3.1. Patient Characteristics

Between 2014 and January 2018, 219 biologic-naïve patients were included in the cohort (89 with RA and 130 with SpA). Among these, the present study included 20 patients with RA and 23 patients with SpA that had undergone total body DXA and pQCTs. The main characteristics of these patients are presented in Table 1, and the corresponding pQCT and DXA results are presented in Table 2.
The patients were mainly women (75% of those with RA, 56.5% of those with SpA), with mean ages of 58.5 ± 14.2 years (RA) and 42.9 ± 14.2 years (SpA).
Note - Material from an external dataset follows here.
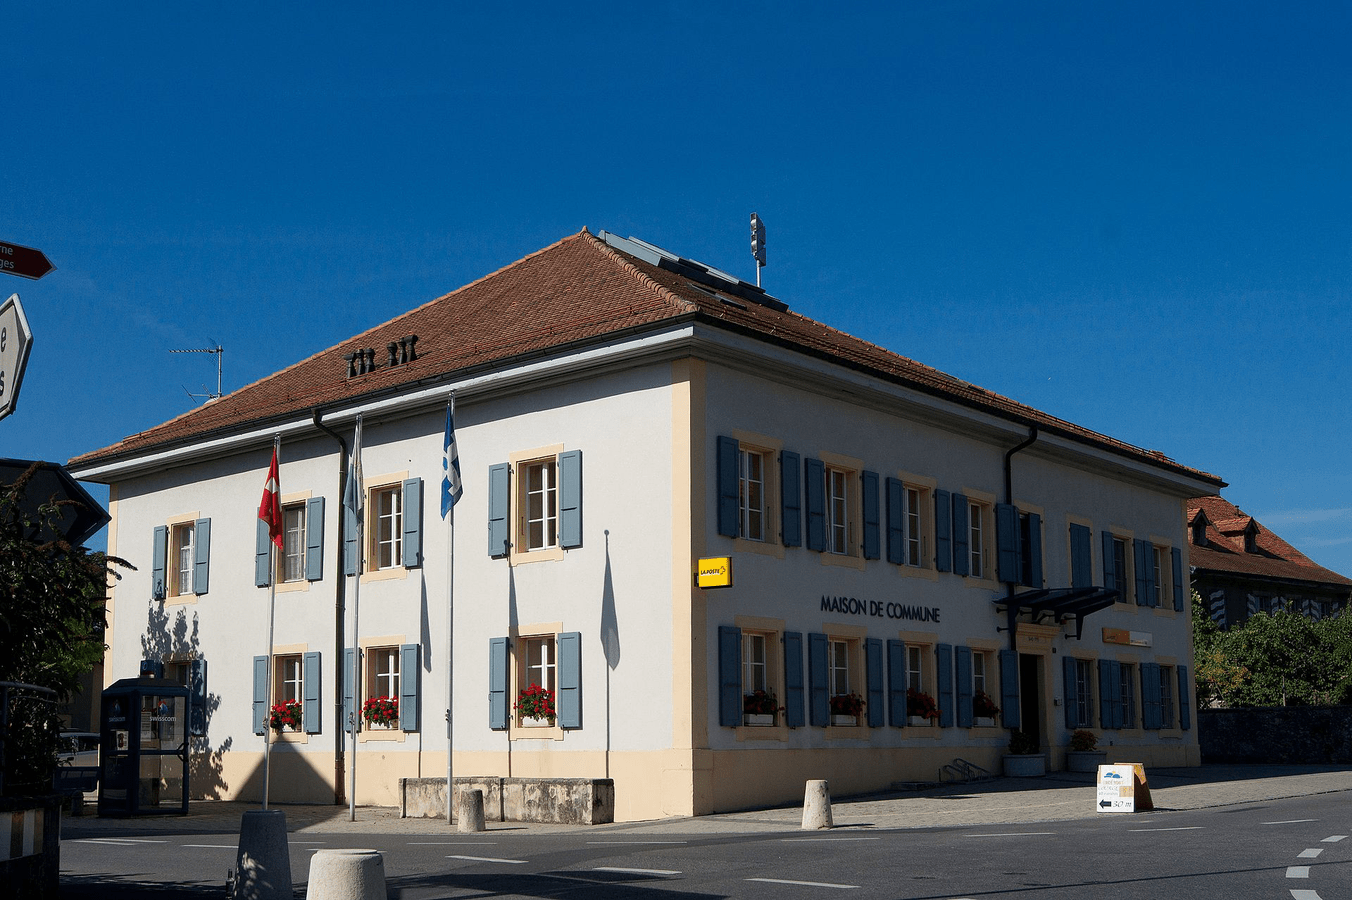 Maison de commune de Goumoens-la-Ville, canton de Vaud, Suisse.

The median disease durations were 4.2 ± 6.4 years for RA and 4.9 ± 8.0 years for SpA. Axial SpA was reported in 52.1% of patients with SpA. The mean disease activities were DAS28: 4.09 ± 1.36, BASDAI: 49.7 ± 17.6, and ASDAS-CRP: 3.1 ± 0.7. Methotrexate had been taken by 80% of patients with RA and 74% of patients with SpA, and steroids had been taken by 50% of patients with RA and 5% of patients with SpA. Patients with RA had weaker handgrip strength, higher BMIs, and higher body fat percentages than patients with SpA.

3.2. Correlations between pQCT and Total Body Composition (DXA)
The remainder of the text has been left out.